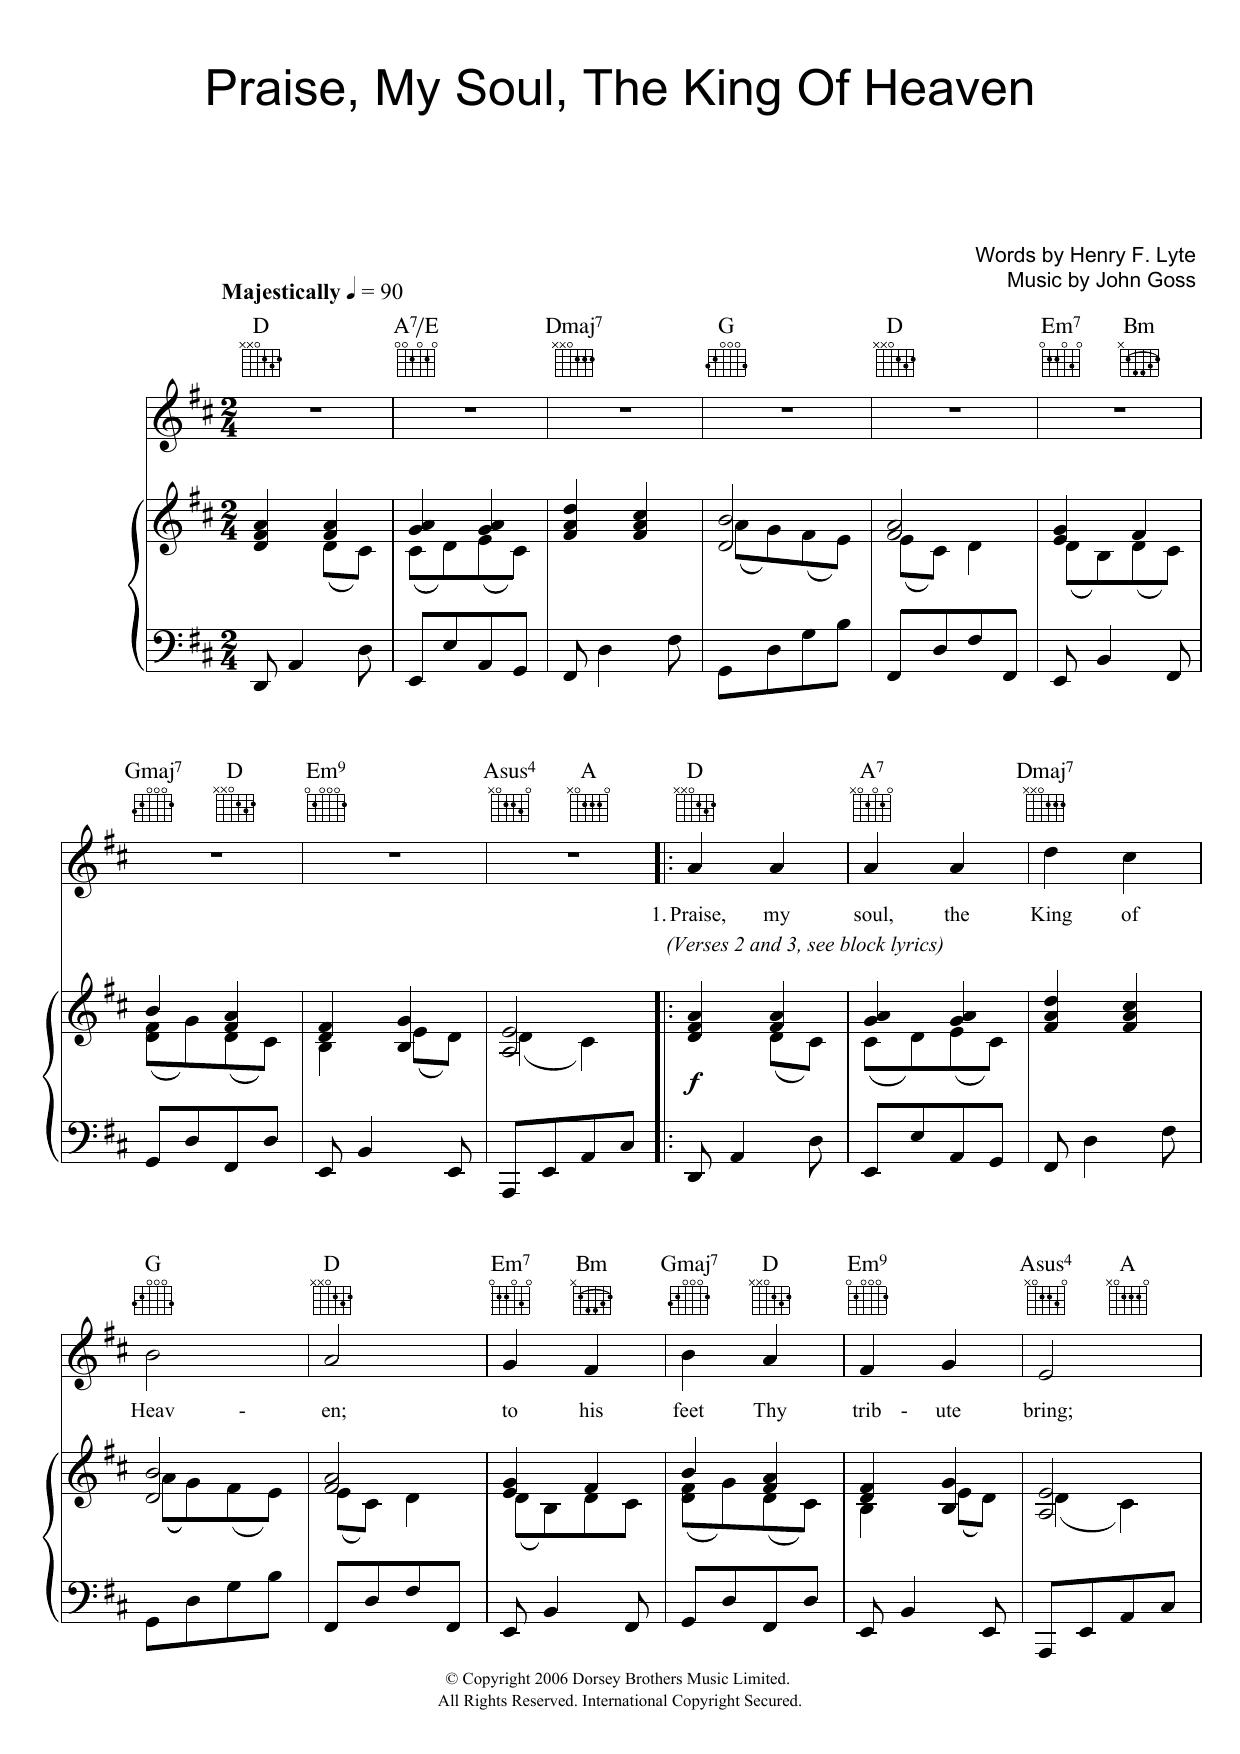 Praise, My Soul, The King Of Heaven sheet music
==
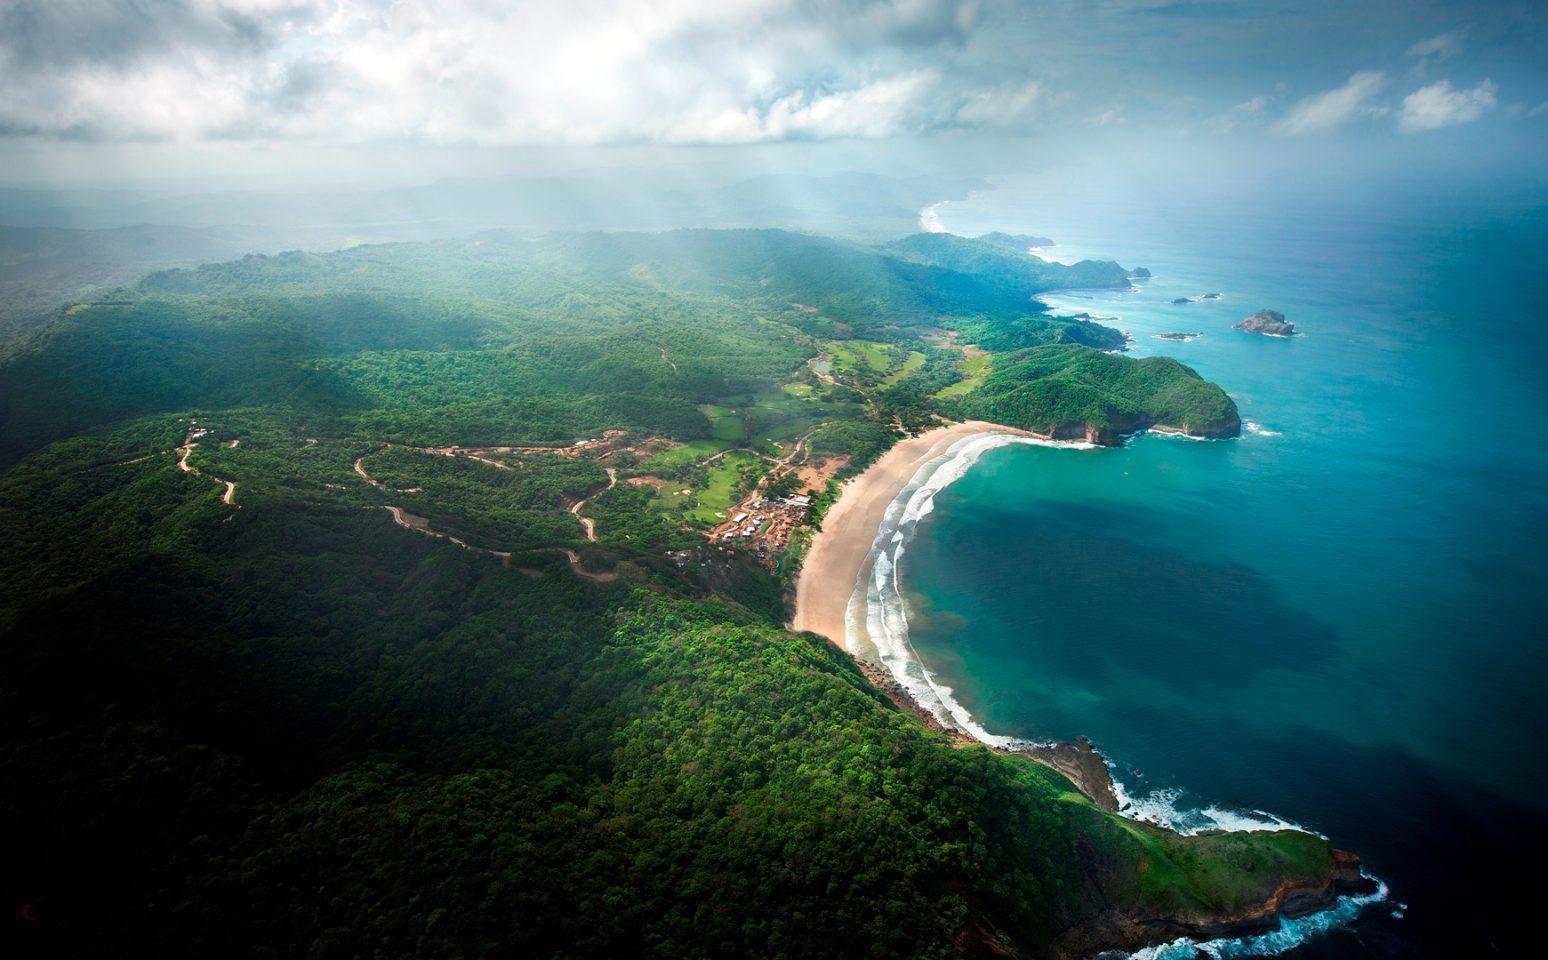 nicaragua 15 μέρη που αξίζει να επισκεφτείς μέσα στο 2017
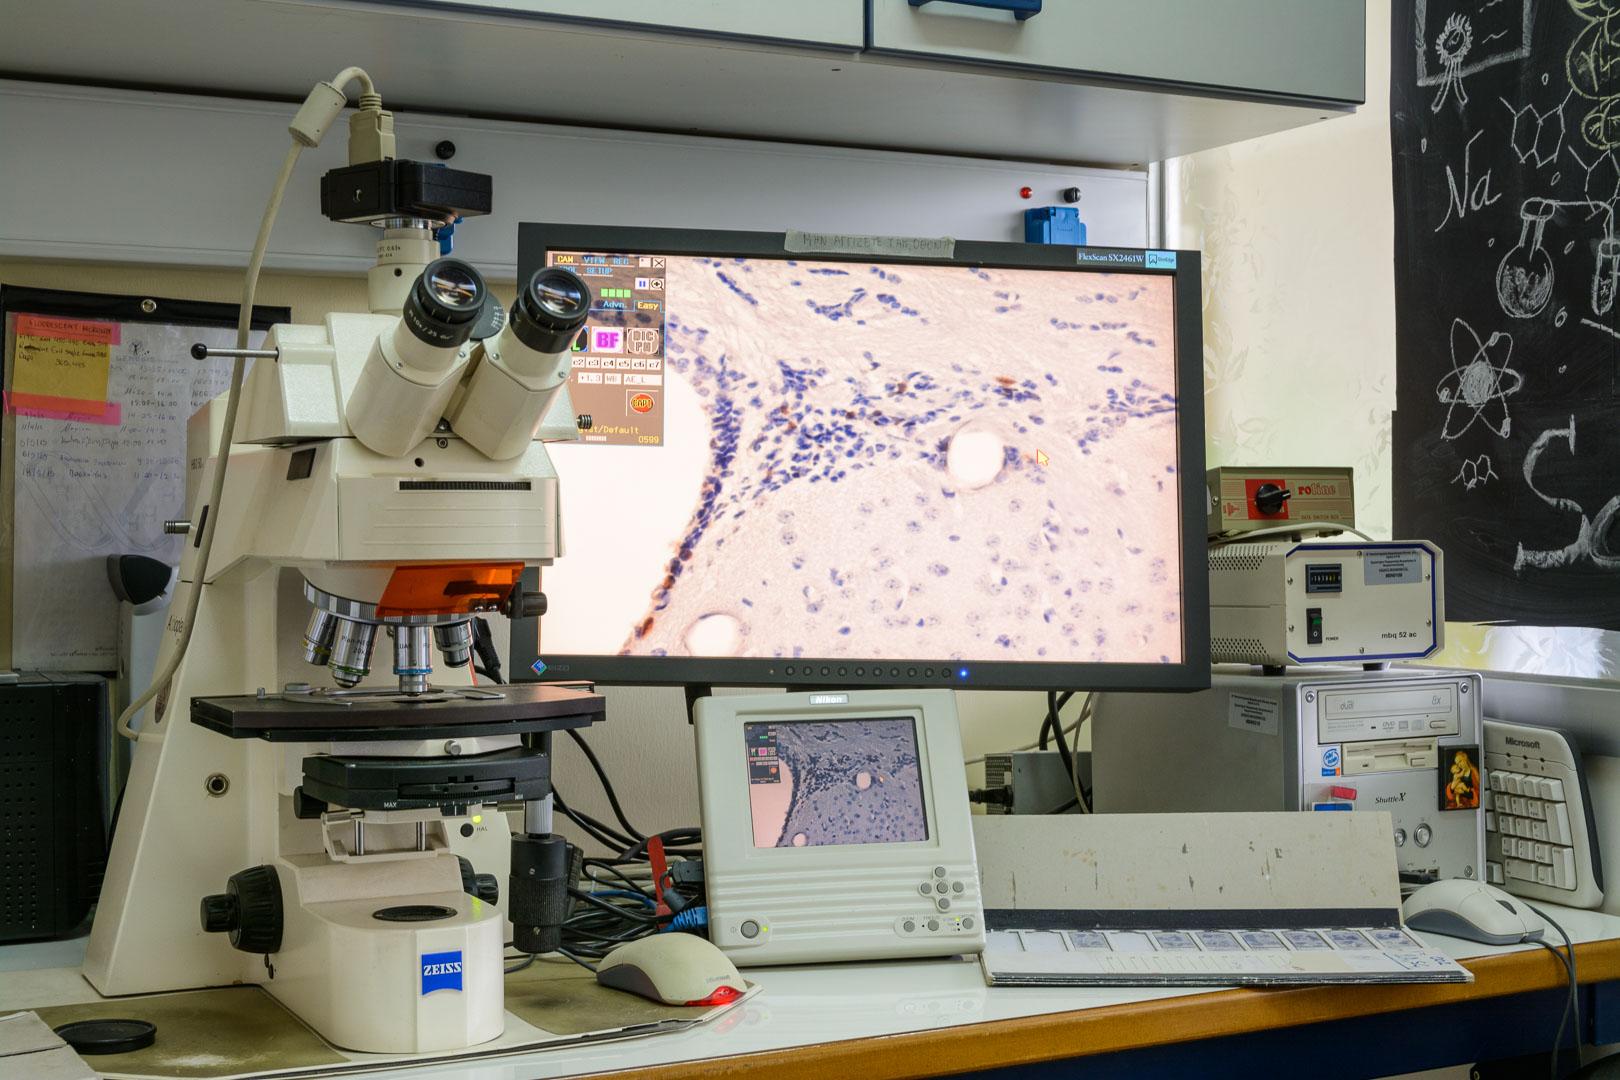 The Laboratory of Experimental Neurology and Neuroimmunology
==
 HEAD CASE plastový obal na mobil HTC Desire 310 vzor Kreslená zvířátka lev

Work to complete: Output exactly the lines above, beginning at the one with "nicaragua 15 μέρη" and stopping after the one with "The Laboratory of". Pictures are to be omitted.

Answer for this exercise:
 nicaragua 15 μέρη που αξίζει να επισκεφτείς μέσα στο 2017
 The Laboratory of Experimental Neurology and Neuroimmunology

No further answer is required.